Watch the video above, to find out how easy it is to rescue a sheep which is stranded on its back, then share this page so that others will see how to do it too.

19 Replies to “How you can save a sheep’s life”

  1. Hello, my wife and I were walking on an airfield where there are sheep grazing, when my wife noticed one of the sheep on her back with legs in the air. We went on the internet and found your website and video. With a little trepidation we rolled her onto her front, but she wobbled and rolled over again. This happened three times. For the next attempt we rolled her and then rested our hands on her back, so that she stopped moving and rested for a few seconds. Then she was up, wobbled a little and stayed upright. We are not sure whether it was just luck that she stayed up, had regained her strength after the previous efforts or felt more relaxed having felt the pressure of our hands on her back for a little. There was another sheep on the field on her side but she seemed very weak and would not make any effort to get up, even with help. We called the shepherd who hopefully was able to help her. We would like to thank you for your very instructive video.

  2. Hi Andy,
    I spotted a heavily pregnant ewe laying this way when driving past a paddock today and was concerned as I’d not seen this before. Went to a neighboring property to find the farmer but he refused to assist.
    After a quick google search I found your video and jumped the fence to roll her over. Just as you said, she went running back to her he heard.
    So thanks all the way from Australia

  3. Thank you for this tutorial video. I had just stumbled upon your video and have just uprighted a sheep as well. The lambs seemed a lot happier after the ewe was righted!

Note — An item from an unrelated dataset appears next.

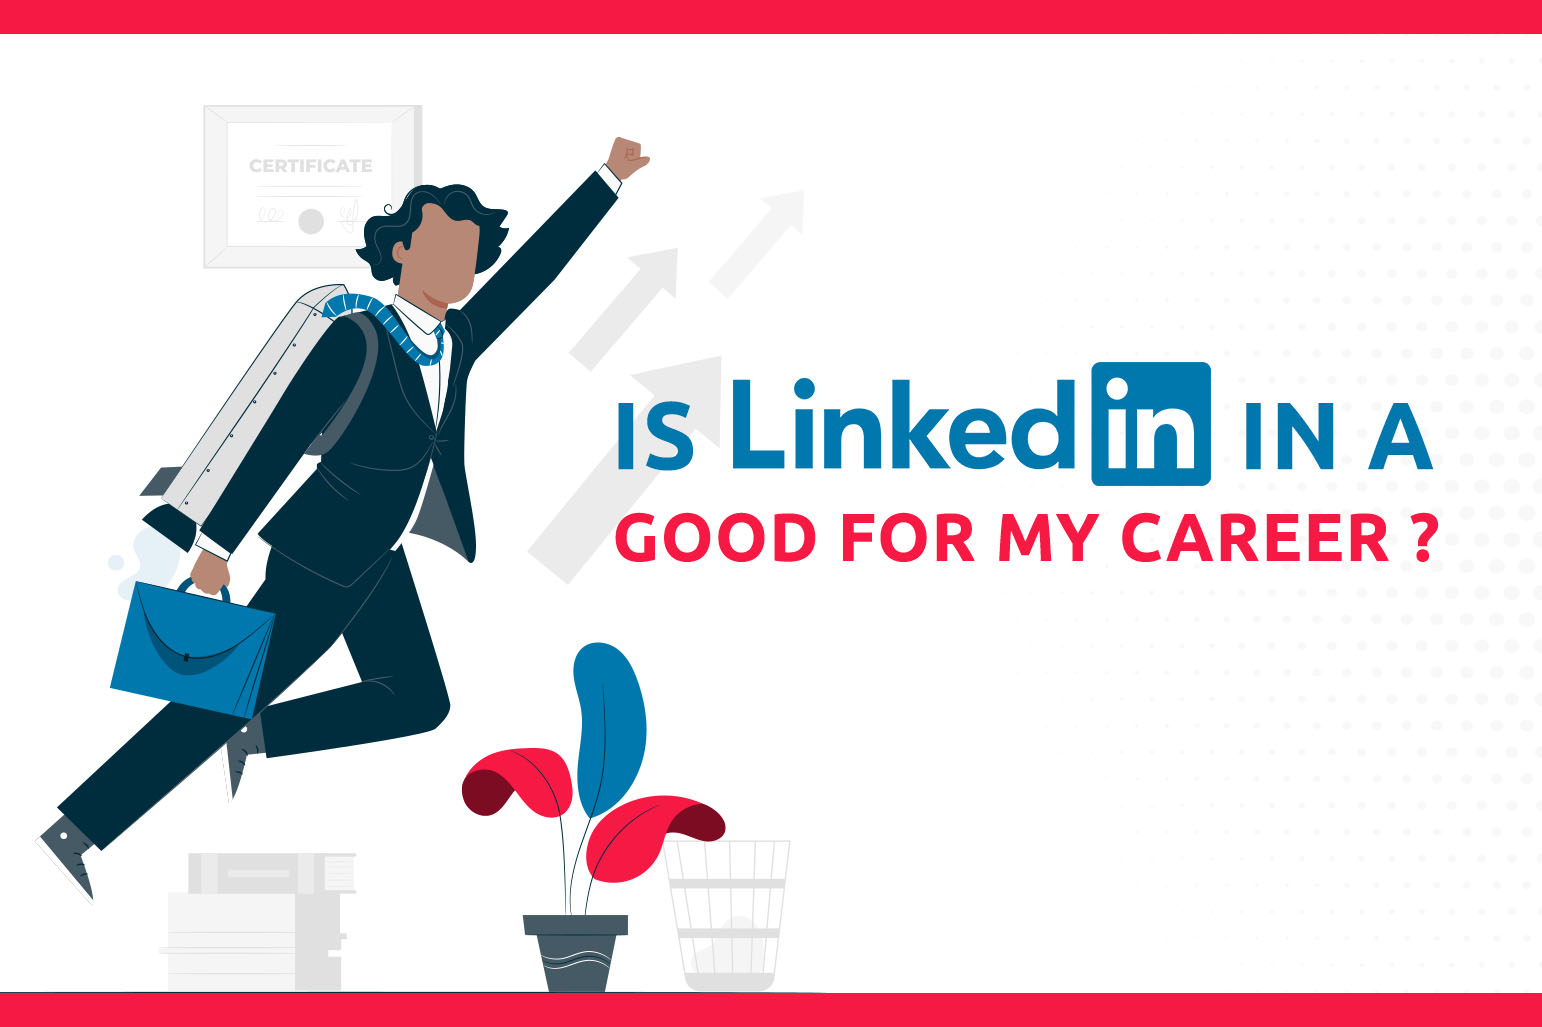 O LinkedIn é bom para a minha carreira?

  4. Thank you for your video and post! Until today, I knew nothing about sheep, except our neighbor, who lives elsewhere, has them next to our place. I check on them daily as I feed my horses. Today, I noticed one of the pregnant ewes on her back kicking her feet. I thought, that’s odd, I have never seen them do that! About 15 minutes later, she was still there, still kicking her feet. I love animals and watch their interactions with others and that just didn’t seem right and reminded me of a cast horse in a stall. I jumped on the internet and found your video. I took off over to her pen and my husband jumped in with me. We pushed her over and she stood up. She was a tiny bit wobbly and clearly her eyes were dazed. We brushed her back off and watched her until she was stable on her feet. Thank you so much for your post. She looks like she may have twins and has that flat back like you described. I will be keeping an eye out for her over the next few days, until she delivers her load!

    1. What a great result! Thanks for letting us know how you successfully saved a sheep’s life, Sharon. It makes creating the post all the more worthwhile. Of course, until she produces her lambs that ewe will still be vulnerable to the same problem, but all being well, please let us know how she gets on with her lambs.

  5. A couple of years ago I watched several other sheep in the field go over to one on heback & all got together & nudged her until she was in a position to stand up. Also, once up they are still in danger for a short time as If they have been down for any length of time they need time to adjust before they can trot off.

  6. Rigwelted, is that the technical term for the position? Not that we get a lot of it in the centre of Sheffield !!

    1. I’d never heard of the term “Rigwelted” but Google has plenty of results for it, so yes, thank you for that Bob.
      In this part of the UK it’s referred to as “Cast”, but it’s great that different areas still have their own words for these things!

  7. Brilliant, helping the sheep is also helping the farmer ‍ too, but please if your with a dog keep it on the lead when around livestock and still scoop the poop thank you .

      1. Basically ALL sheep are topheavy. In most cases their thin legs can’t make the counterweight to help them back on their feet, especially if they are lying feet up in a groove. So your help is definitely life-saving.